Rodrigue et Chimène (English: Rodrigo and Ximena) is an unfinished opera in three acts by Claude Debussy. The French libretto, by Catulle Mendès, is based on the plays Las Mocedades del Cid by Guillén de Castro y Bellvís and Corneille's Le Cid which deal with the legend of El Cid (Rodrigue in the opera). It was first staged in a version completed by Edison Denisov in Lyon on 14 May 1993.

==Composition==
Mendès had begun work on his libretto in 1878, hoping to offer it to "one of the leading lights of the French school [of opera]". Massenet's Le Cid (1885, Paris Opera) may have put Mendès off in his search for a composer. It was only in April, 1890 that Mendès handed it to the young Debussy. Mendès had predicted that Debussy would become "one of the great composers of the future" and had helped to promote his music.
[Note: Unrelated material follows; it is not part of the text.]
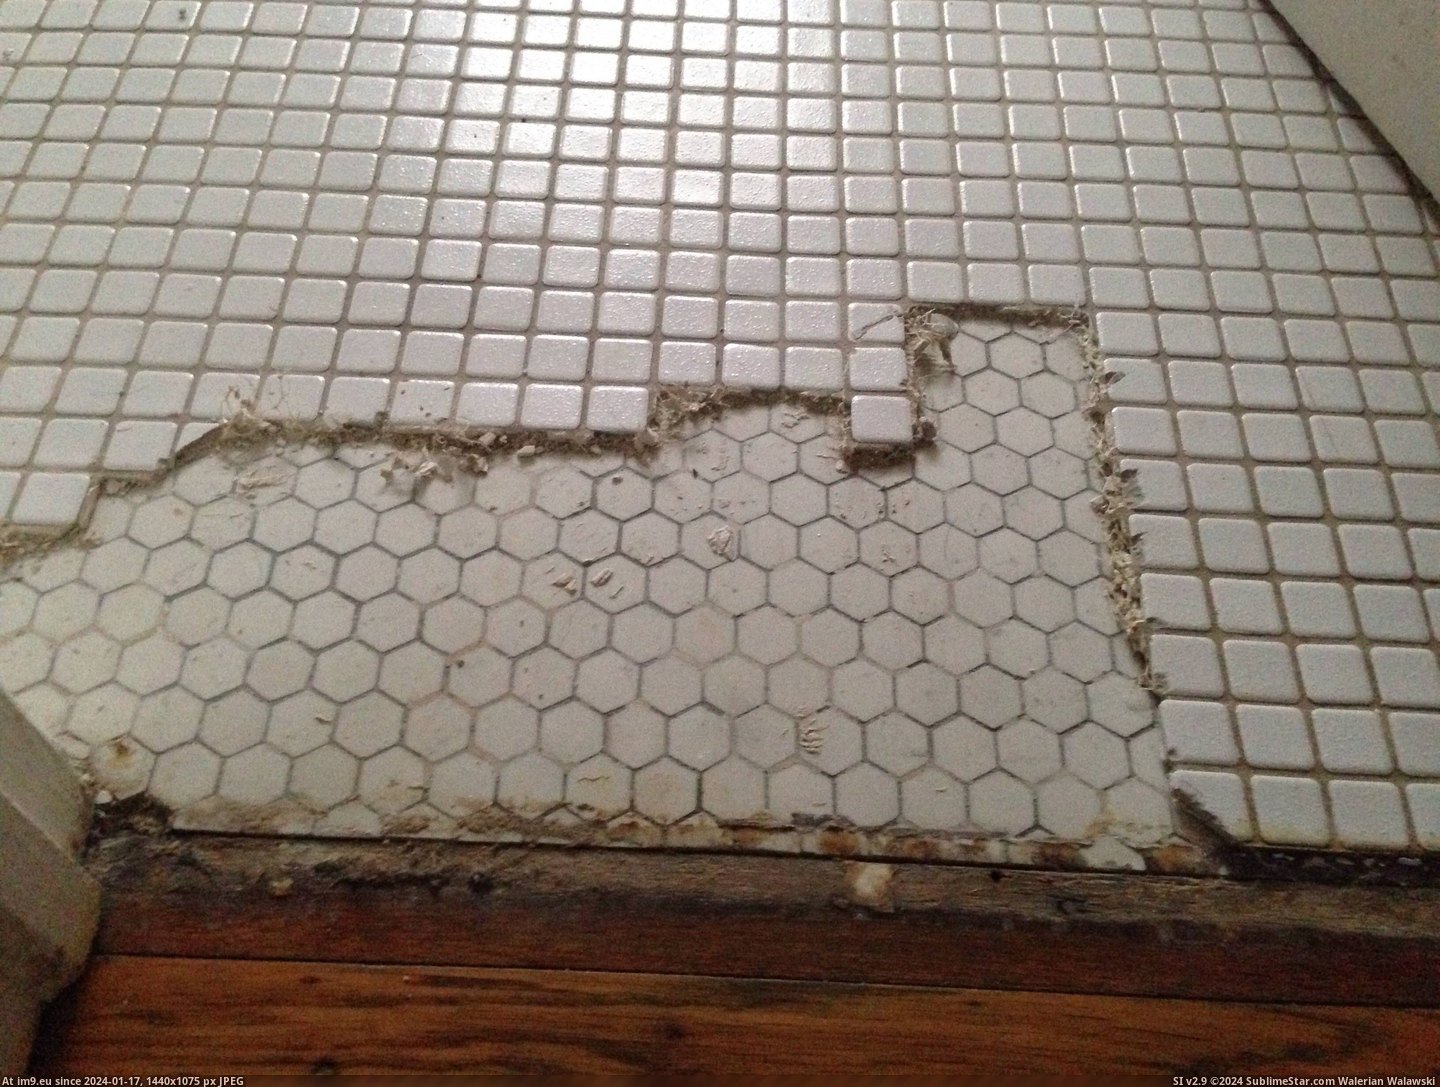 #Time #Wife #Wanted #Tile #Hexagon #Bathroom #Hour #1920s [Pics] My wife and I wanted to redo our 1920s bathroom with more time-appropriate hexagon tile. An hour in, I see this. Pic. (Obraz z album My r/PICS favs))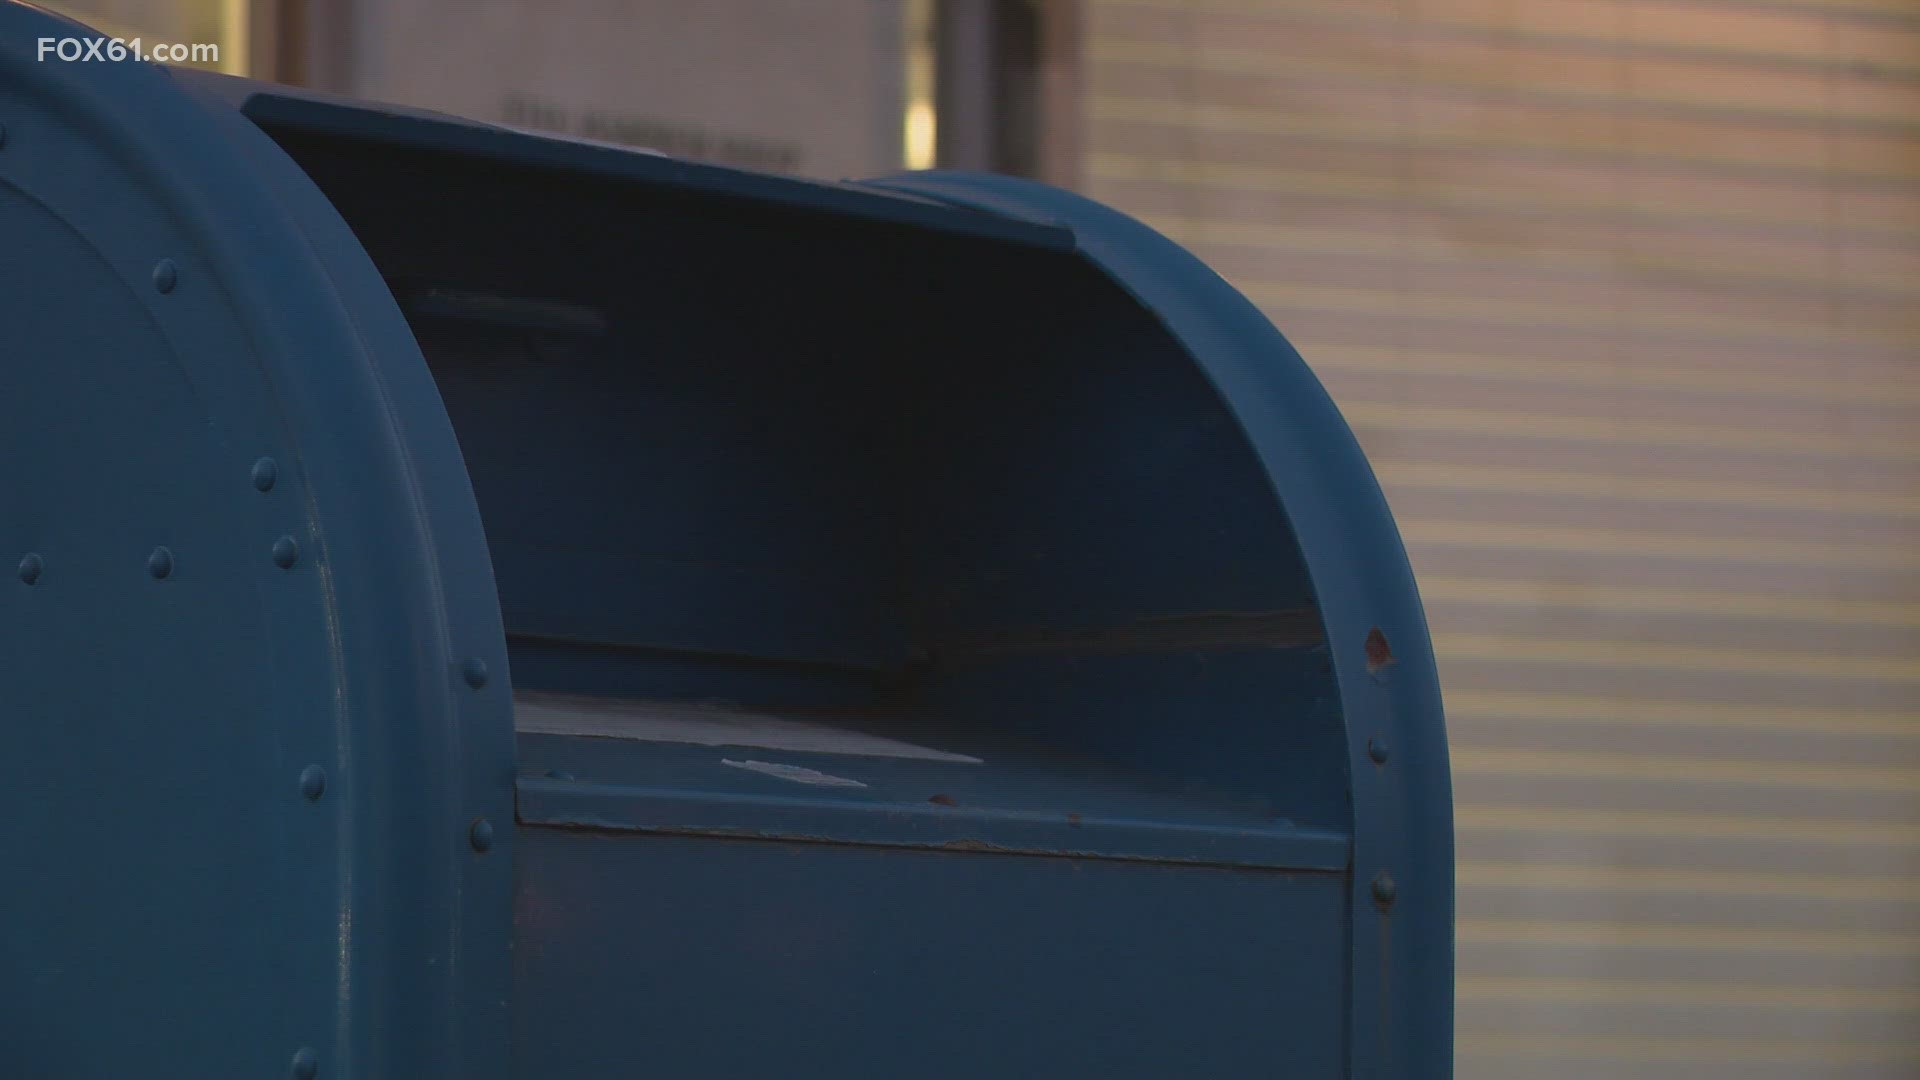 Watertown Police issued a warning after they noticed a spike in incidents where criminals have retrieved checks intended to be mailed.

Although he was unimpressed by the literary quality of the drama he had to set, Debussy was encouraged by the prospect that his work would be performed at the Paris Opéra and earn him some money. Over the next two years, Debussy's musical style developed in a radically new direction and his enthusiasm for the old-fashioned Rodrigue et Chimène began to flag. In a letter of January, 1892, he admitted, "My life is hardship and misery thanks to this opera. Everything about it is wrong for me."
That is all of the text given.